Após as denúncias, uma investigação foi iniciada em 2015 pela Santa Sé. Desde então, o religioso foi proibido de ordenar padres e diáconos em sua arquidiocese.

De acordo com a agência de notícias France-Presse, ele também estaria mantendo um suposto relacionamento sexual com um rapaz de 18 anos, que teria transtornos mentais. Contudo, ele tem negado todas as acusações.

Apesar de não explicitar os casos, na carta aberta, Pagotto admitiu ter abrigado padres e seminaristas em sua arquidiocese. “Acolhi padres e seminaristas, no intuito de lhes oferecer novas chances de vida. Entre outros, alguns egressos, posteriormente suspeitos de cometer graves defecções, contrárias à idoneidade exigida no sagrado ministério”, explicou.

O papa Francisco aceitou no mesmo dia o pedido e emitiu uma nota citando o Código de Direito Canônico como motivação do afastamento, o que sugere que o religioso vem sendo há muito tempo pressionado: “o bispo diocesano que por doença ou por outra causa grave se tiver tornado menos capacitado para cumprir seu ofício é vivamente solicitado a apresentar a renúncia do ofício”, detalha a nota.

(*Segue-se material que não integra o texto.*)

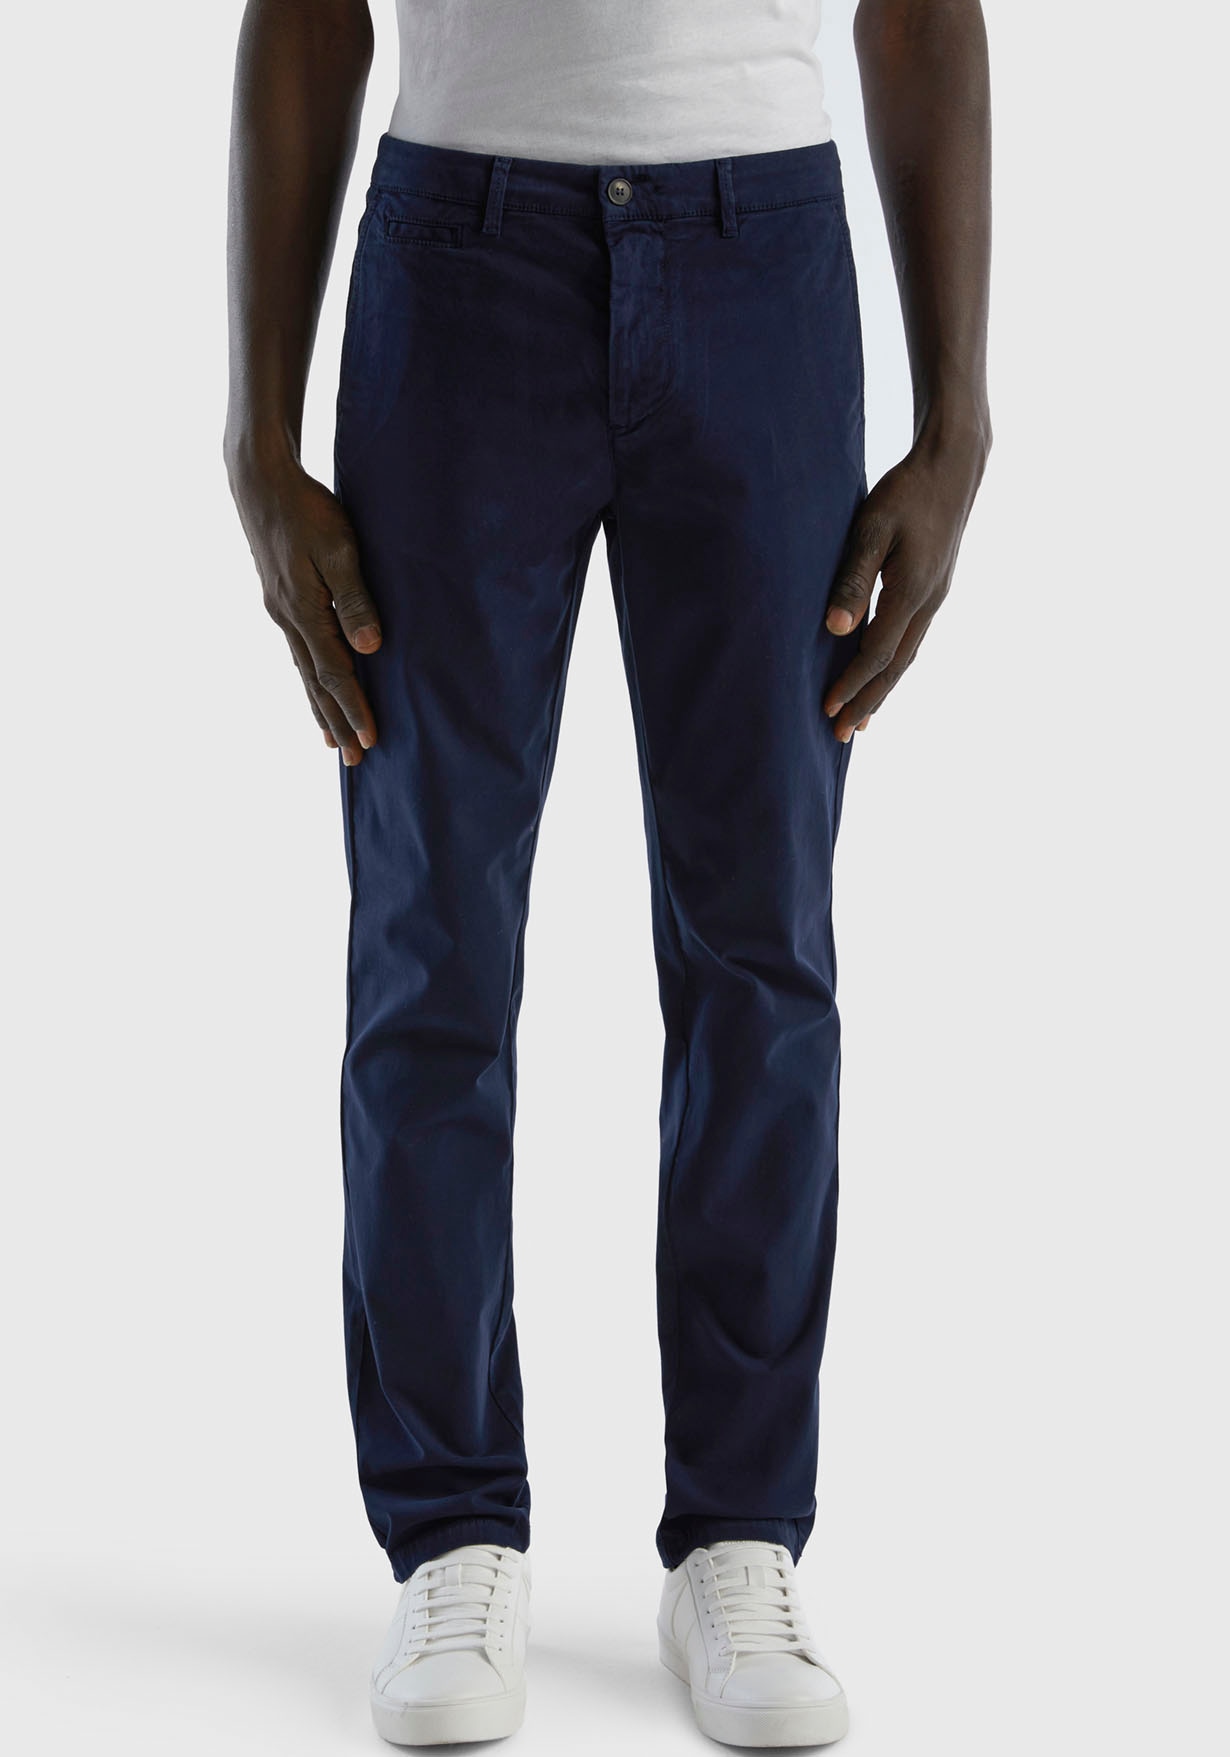 United Colors of Benetton Chinohose, im klassischen Chino-Look von United Colors of Benetton

A Arquidiocese da Paraíba atribui a saída de dom Aldo a problemas de saúde, mas, em sua carta, ele não cita que está enfrentando alguma doença. Ele alega apenas limitações e demonstra que os escândalos o pressionaram para tomar a decisão. “Tentei doar o melhor de mim mesmo, não obstante as sérias limitações de saúde, ademais das repercussões no equilíbrio emocional, causadas pela constante necessidade de superar conflitos inevitáveis, advindos de reações ao meu modo de ser e de agir”, escreveu.

Como confiar?

Antes de ser transferido em 2004 do Ceará para a Paraíba, dom Aldo já teve seu nome envolvido em outros escândalos. Em 2002, ele foi acusado de coagir adolescentes para que mudassem seus depoimentos, com o objetivo de proteger um frei acusado de estupro. Após as denúncias, em 2013, começaram as investigações. Mas somente em janeiro de 2015 ele foi a Roma prestar os primeiros esclarecimentos.

Muito tem sido dito na imprensa sobre crimes relacionados a pedofilia e a abusos envolvendo párocos e bispos católicos. Enquanto isso, os processos são morosos, há pouca atenção às vítimas e as punições são lentas.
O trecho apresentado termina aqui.